Ignite Me (Shatter Me, #3)(5)



“I lied.” He shrugs.

My mouth has fallen open.

“There are three things you should know about me, love.” He steps forward. “The first,” he says, “is that I hate my father more than you might ever be capable of understanding.” He clears his throat. “Second, is that I am an unapologetically selfish person, who, in almost every situation, makes decisions based entirely on self-interest. And third.” A pause as he looks down. Laughs a little. “I never had any intention of using you as a weapon.”

Words have failed me.

I sit down.



Numb.

“That was an elaborate scheme I designed entirely for my father’s benefit,” Warner says. “I had to convince him it would be a good idea to invest in someone like you, that we might utilize you for military gain. And to be quite, quite honest, I’m still not sure how I managed it. The idea is ludicrous. To spend all that time, money, and energy on reforming a supposedly psychotic girl just for the sake of torture?” He shakes his head. “I knew from the beginning it would be a fruitless endeavor; a complete waste of time. There are far more effective methods of extracting information from the unwilling.”

“Then why—why did you want me?”

His eyes are jarring in their sincerity. “I wanted to study you.”

“What?” I gasp.

He turns his back to me. “Did you know,” he says, so quietly I have to strain to hear him, “that my mother lives in that house?” He looks to the closed door. “The one my father brought you to? The one where he shot you? She was in her room. Just down the hall from where he was keeping you.”

When I don’t respond, Warner turns to face me.

“Yes,” I whisper. “Your father mentioned something about her.”

“Oh?” Alarm flits in and out of his features. He quickly masks the emotion. “And what,” he says, making an effort to sound calm, “did he say about her?”

“That she’s sick,” I tell him, hating myself for the tremor that goes through his body. “That he stores her there because she doesn’t do well in the compounds.”

Warner leans back against the wall, looking as if he requires the support. He takes a hard breath. “Yes,” he finally says. “It’s true. She’s sick. She became ill very suddenly.” His eyes are focused on a distant point in another world. “When I was a child, she seemed perfectly fine,” he says, turning and turning the jade ring around his finger. “But then one day she just . . . fell apart. For years I fought my father to seek treatment, to find a cure, but he never cared. I was on my own to find help for her, and no matter who I contacted, no doctor was able to treat her. No one,” he says, hardly breathing now, “knew what was wrong with her. She exists in a constant state of agony,” he says, “and I’ve always been too selfish to let her die.”

He looks up.

“And then I heard about you. I’d heard stories about you, rumors,” he says. “And it gave me hope for the very first time. I wanted access to you; I wanted to study you. I wanted to know and understand you firsthand. Because in all my research, you were the only person I’d ever heard of who might be able to offer me answers about my mother’s condition. I was desperate,” he says. “I was willing to try anything.”

“What do you mean?” I ask. “How could someone like me be able to help you with your mother?”

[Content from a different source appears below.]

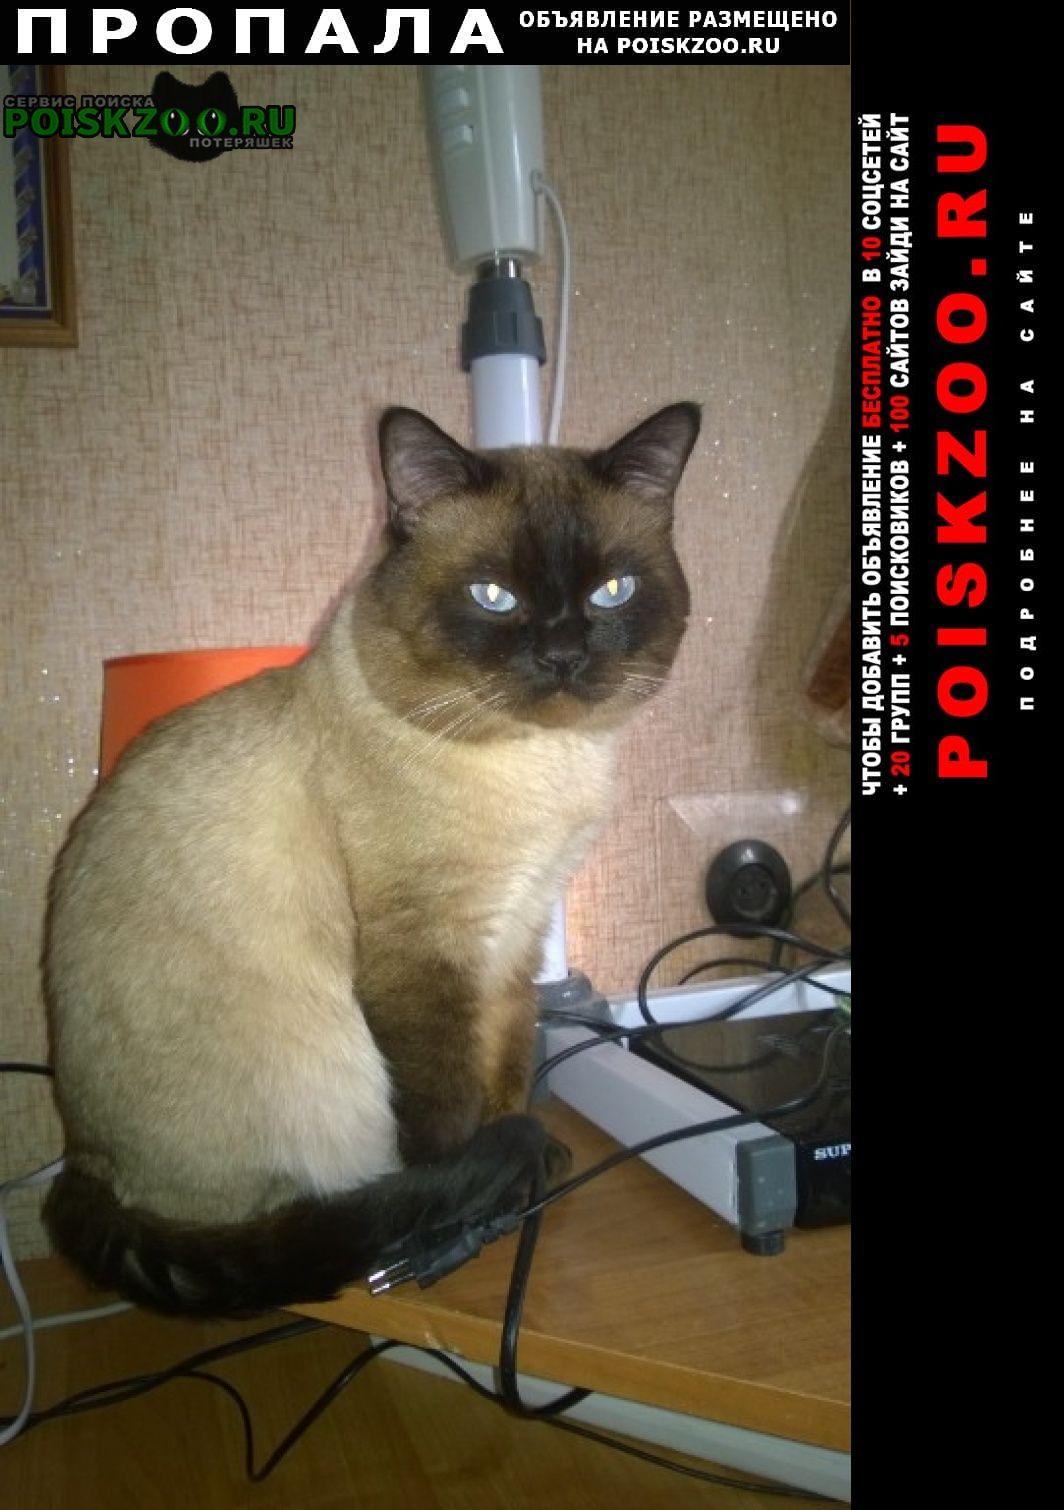 Пропала кошка кот Воронеж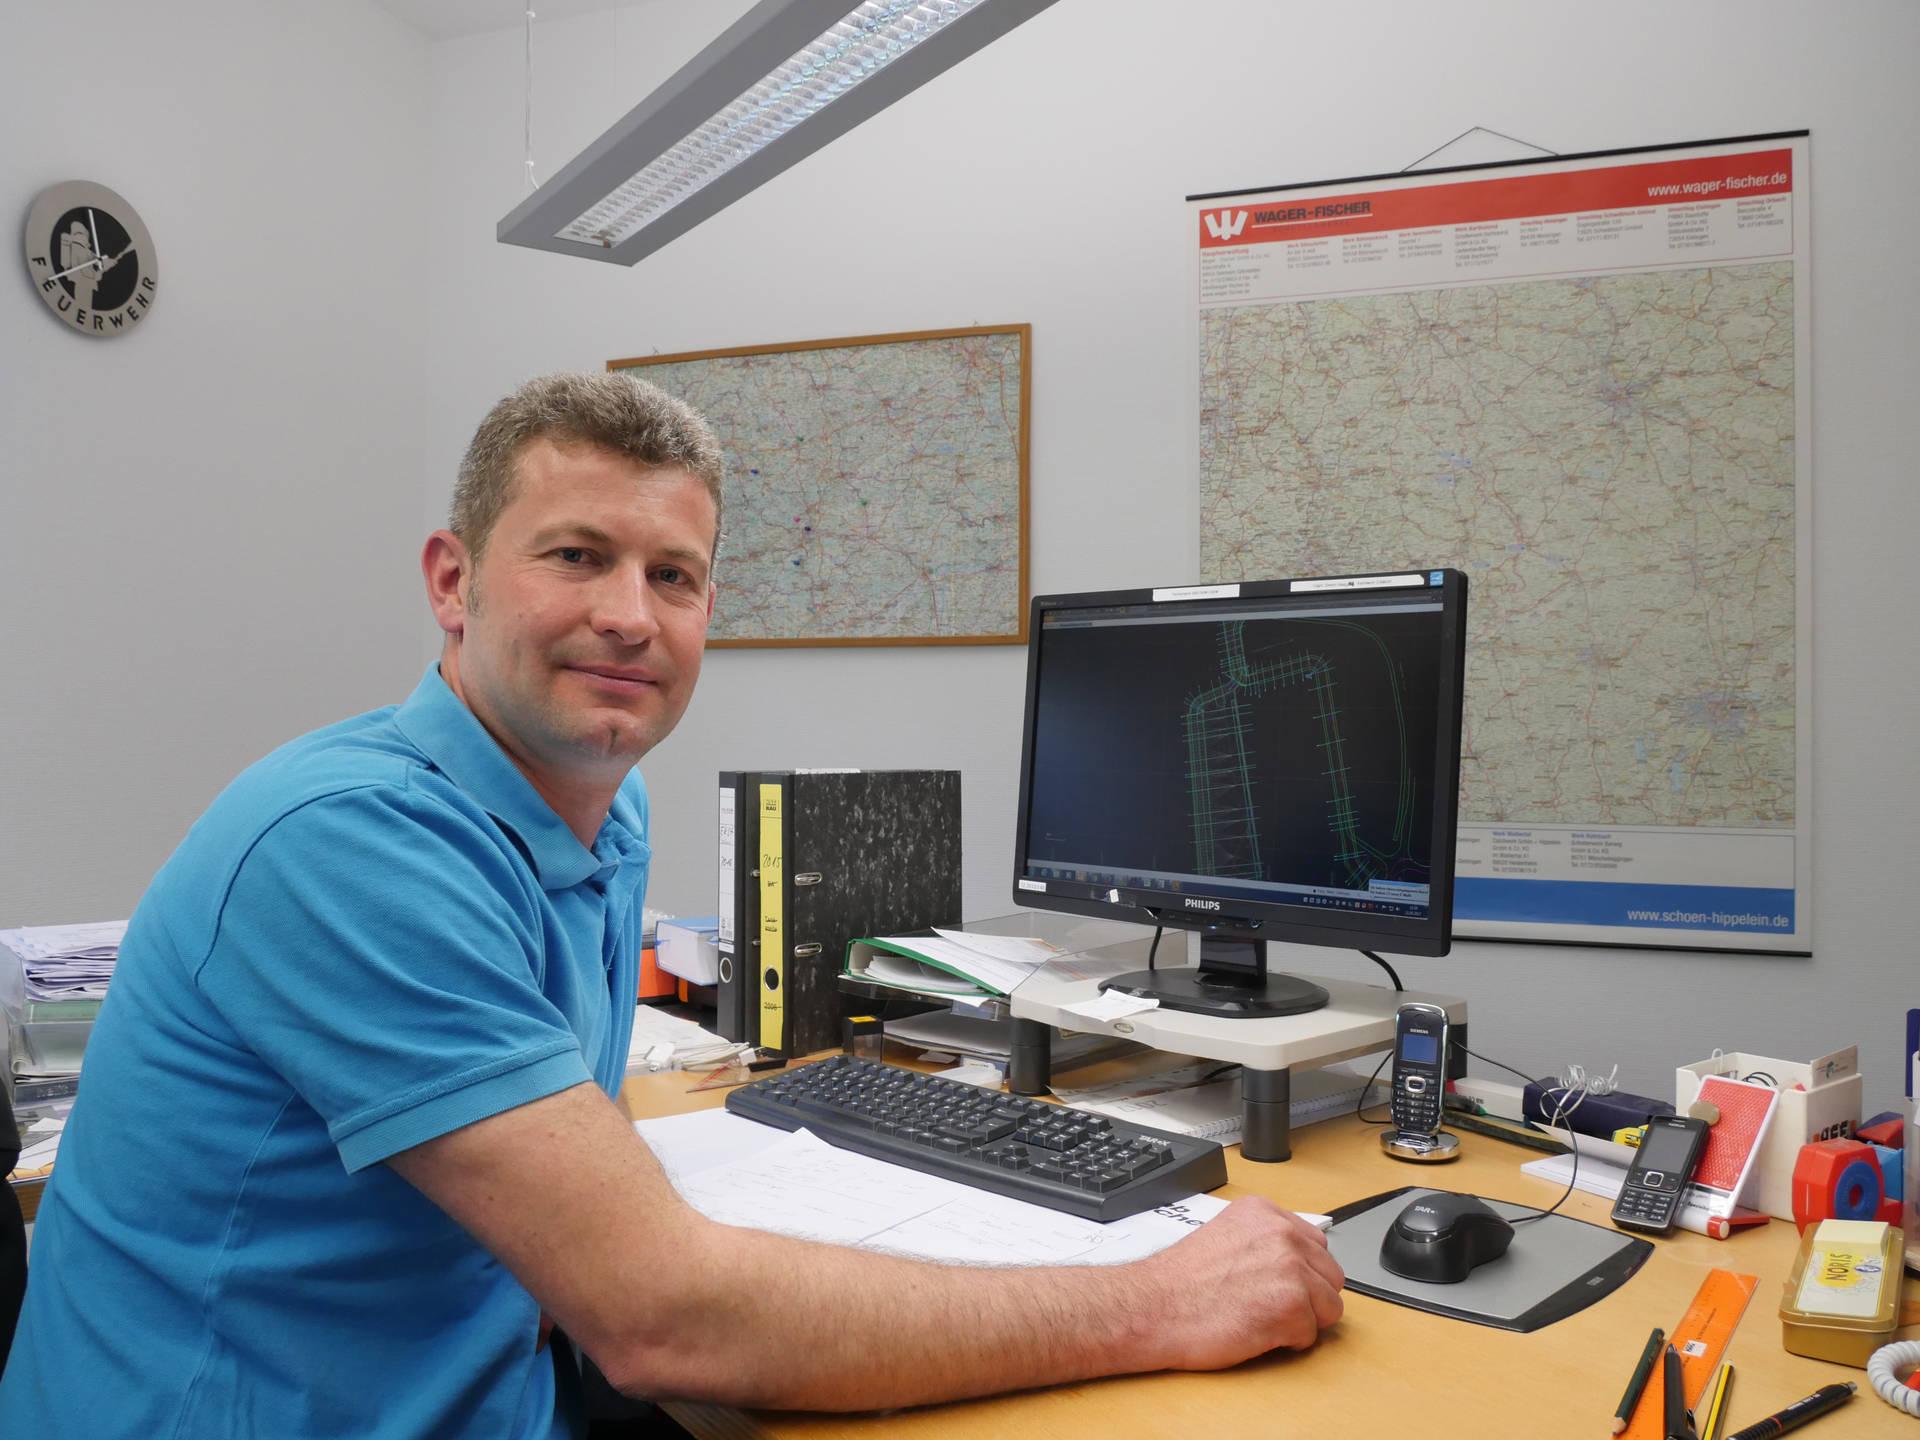 Simon Haag sieht die Zukunft im teilautonomen Fahren seiner Baumaschinen.

His eyes find mine again, bright with anguish. “Because, love. You cannot touch anyone. And she,” he says, “she cannot be touched.”





[page]FIVE


I’ve lost the ability to speak.

“I finally understand her pain,” Warner says. “I finally understand what it must be like for her. Because of you. Because I saw what it did to you—what it does to you—to carry that kind of burden, to exist with that much power and to live among those who do not understand.”

He tilts his head back against the wall, presses the heels of his hands to his eyes.

“She, much like you,” he says, “must feel as though there is a monster inside of her. But unlike you, her only victim is herself. She cannot live in her own skin. She cannot be touched by anyone; not even by her own hands. Not to brush a hair from her forehead or to clench her fists. She’s afraid to speak, to move her legs, to stretch her arms, even to shift to a more comfortable position, simply because the sensation of her skin brushing against itself causes her an excruciating amount of pain.”

He drops his hands.

“It seems,” he says, fighting to keep his voice steady, “that something in the heat of human contact triggers this terrible, destructive power within her, and because she is both the originator and the recipient of the pain, she’s somehow incapable of killing herself. Instead, she exists as a prisoner in her own bones, unable to escape this self-inflicted torture.”

My eyes are stinging hard. I blink fast.

For so many years I thought my life was difficult; I thought I understood what it meant to suffer. But this. This is something I can’t even begin to comprehend. I never stopped to consider that someone else might have it worse than I do.

It makes me feel ashamed for ever having felt sorry for myself.

“For a long time,” Warner continues, “I thought she was just . . . sick. I thought she’d developed some kind of illness that was attacking her immune system, something that made her skin sensitive and painful. I assumed that, with the proper treatment, she would eventually heal. I kept hoping,” he says, “until I finally realized that years had gone by and nothing had changed. The constant agony began to destroy her mental stability; she eventually gave up on life. She let the pain take over. She refused to get out of bed or to eat regularly; she stopped caring about basic hygiene. And my father’s solution was to drug her.